One thing about homemade bread is that in ever recipe the last step includes the instruction to let the finished bread cool at least 1 hour before slicing.  Does anyone actually do that?  In our household the bread comes out of the oven and all bets are off.  In fact it was almost a miracle that we managed to get this photo taken before we ripped into it.  We are of the opinion that there is nothing better than hot straight from the oven bread with a generous dollop of butter melting all over it.  Pretty much heaven! 

Jalapeno Cheese Bread
Adapted from  Allrecipes.com
Makes 1 loaf
1 c. all purpose flour
1 1/3 c. whole white wheat flour
4 oz. jack cheese, shredded + a little more for the top of the bread
1/4 c. picked jalapenos, minced + a few more whole for the top of the bread
2 T. + 2 t. evaporated cane juice
1/2 t salt
2/3 c. warm water
2 1/4 t. (1 packet) active dry yeast
1 T. + 1t. vegetable oil
1) Whisk together the all purpose flour and whole white wheat flour.  Toss well with the jalapenos and cheese till they are well coated.

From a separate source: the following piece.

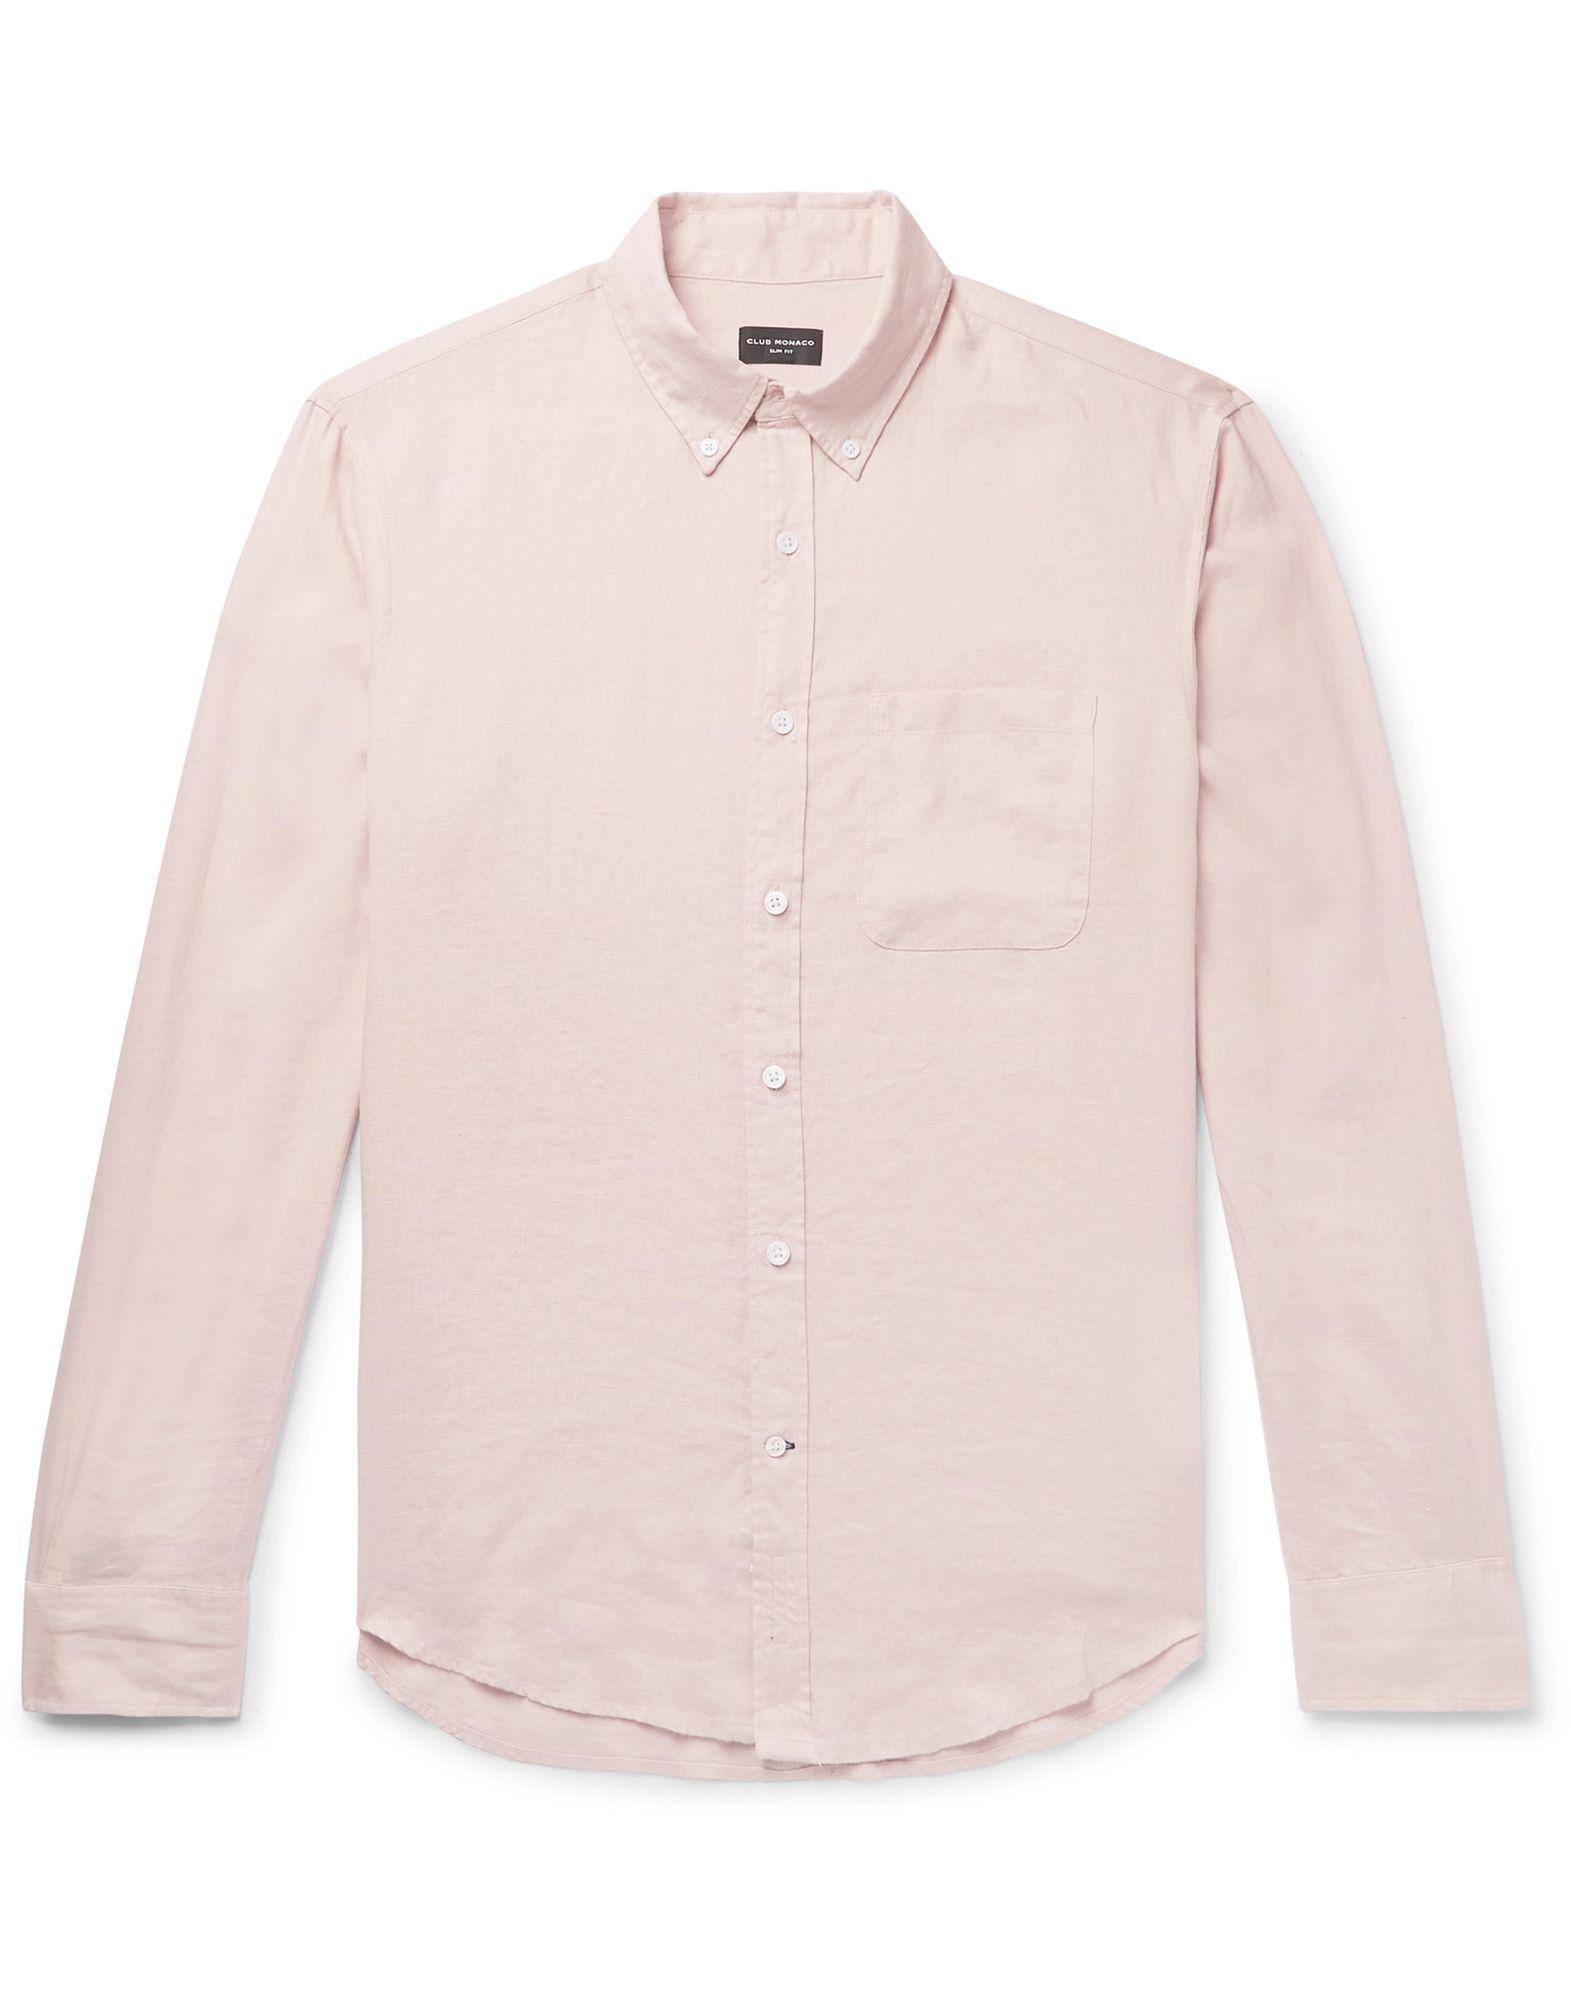 CLUB MONACO Shirts. plain weave, no appliqués, basic solid color, front closure, button closing, long sleeves, buttoned cuffs, button-down collar, single chest pocket. 100% Linen

2)  In a separate bowl mix together the evaporated cane juice, salt and water until dissolved.  Sprinkle the yeast on top of the water mixture and let sit 1 minutes.  Stir the yeast into the water well and then let rise 10 minutes.  Add the vegetable oil to the yeast mixture and stir well.

3) Slowly add the yeast mixture to the dry ingredients and mix well until just combined.  Turn the dough out onto a lightly floured surface and kneed the dough for about 10 minutes.  Add more whole white wheat flour if necessary, but the dough should be sticky.  Place the dough back into an oiled bowl pressing it into the bottom of the bowl and then turning over so both sides are oiled.  Place the dough in a warm dry place, cover with a clean towel and let rise approximately 1 hour until doubled in size.  

4) Punch dough down and then turn the dough out onto a clean and floured work surface.  Press the dough out till it is in a rectangle and all air bubbles have been popped.  Form dough into loaf shape and place in a greased loaf pan.  Cover with the towel and let rise again approximately another 45 minutes to an hour when the dough has nearly doubled in size again.  

5) Preheat the oven to 325 degrees.  Sprinkle the extra jalapenos and cheese on top of the bread and then bake for about 50 minutes until the dough is brown on the outside and and fully cooked on the inside.  Let the dough cool about 10 minutes in the pan and then turn it out onto a baking rack and let cool another hour before slicing (if you can resist that long).